Yandex neural networks will decode archival handwritten documents


Yandex has taught neural networks to decipher archival records with complex pre-revolutionary spelling. You can try the technology in action right now in the Archive Search service: it gives everyone access to more than 2.5 million pages of historical documents with text transcription. The new algorithm, built on the basis of an optical character recognition system, takes into account the peculiarities of handwriting, recognizes letters that have lost their relevance and understands the special structure of archival documents.

нейросеть и архивные документы

The company's specialists trained a neural network on a data array of hundreds of thousands of handwritten lines from real texts of the XVIII-XIX centuries and tens of millions of generated examples. Materials for training were marked up and decoded by experts, they also controlled the quality of recognition. Manuscripts that are difficult for an untrained person to parse, Yandex technology almost instantly turns into printed text. Thanks to this, you can quickly find documents in the service database with the mention of a surname, a locality or any other words.

"It may take up to half an hour for a professional to decipher one page of an archived handwritten text, and our service copes with this in a few seconds," says Elena Bubnova, head of Yandex Search. "In the future, the technology can be used to solve other tasks in Yandex products."

"Archive Search" will increase the efficiency of historians, sociologists, demographers, genealogists and will help those who are looking for information about their family. The first fund presented in the service was the Glavarchiv of Moscow — it was on its materials that the developers trained the neural network. Now the database has been replenished with documents from the archives of the Orenburg and Novgorod regions. Over time, the number of repositories and available scanned files will increase.

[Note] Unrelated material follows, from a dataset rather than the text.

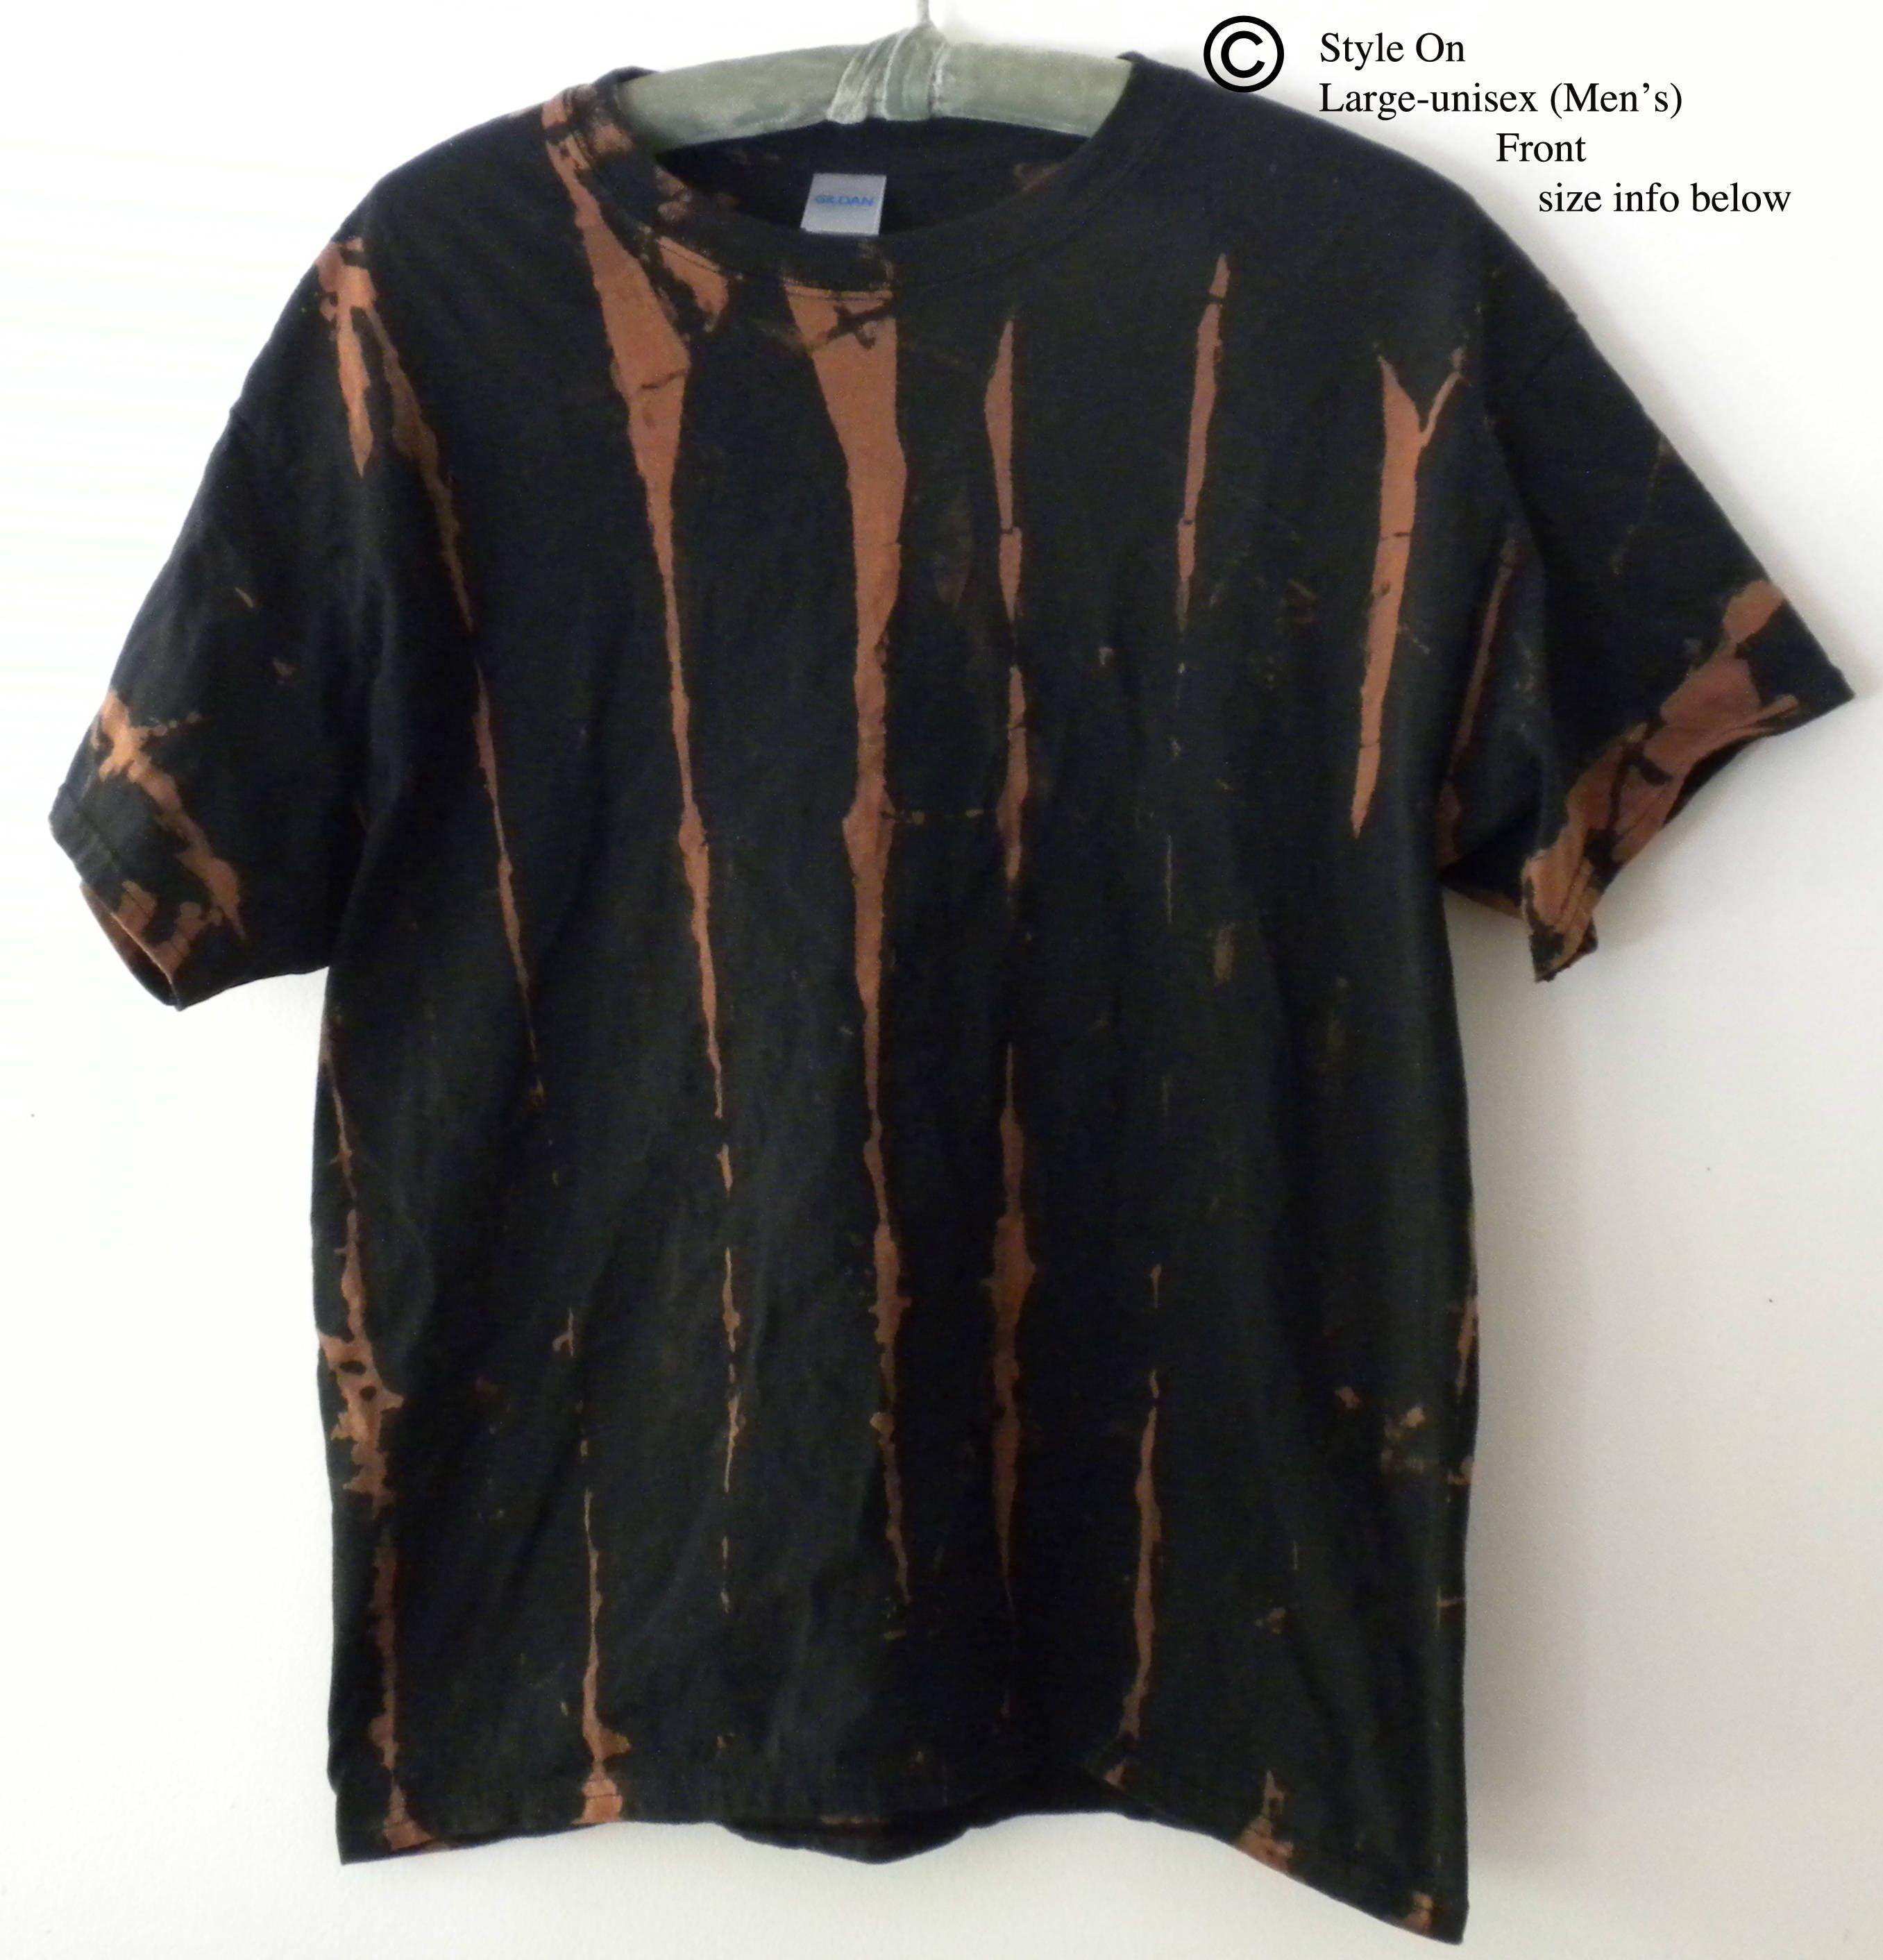 Black t shirt grunge - Acid Wash Tee Shirt Acid Wash T Shirt Black T Shirt Tie Dye Tee Shirt Grunge T Shirt Crop Tee Shirt Retro Hipster

You can search for materials from the XVIII – early XX centuries, which are most popular with users. These are metric books, confession sheets and audit tales with the results of the population census. Documents can be found in the catalog or through the search bar. There are filters by year, archives, funds and inventories. Next to the scan of each page, a line-by-line transcript made by Yandex neural networks is displayed. If you hover the cursor over the desired fragment, it will immediately light up on the digital copy.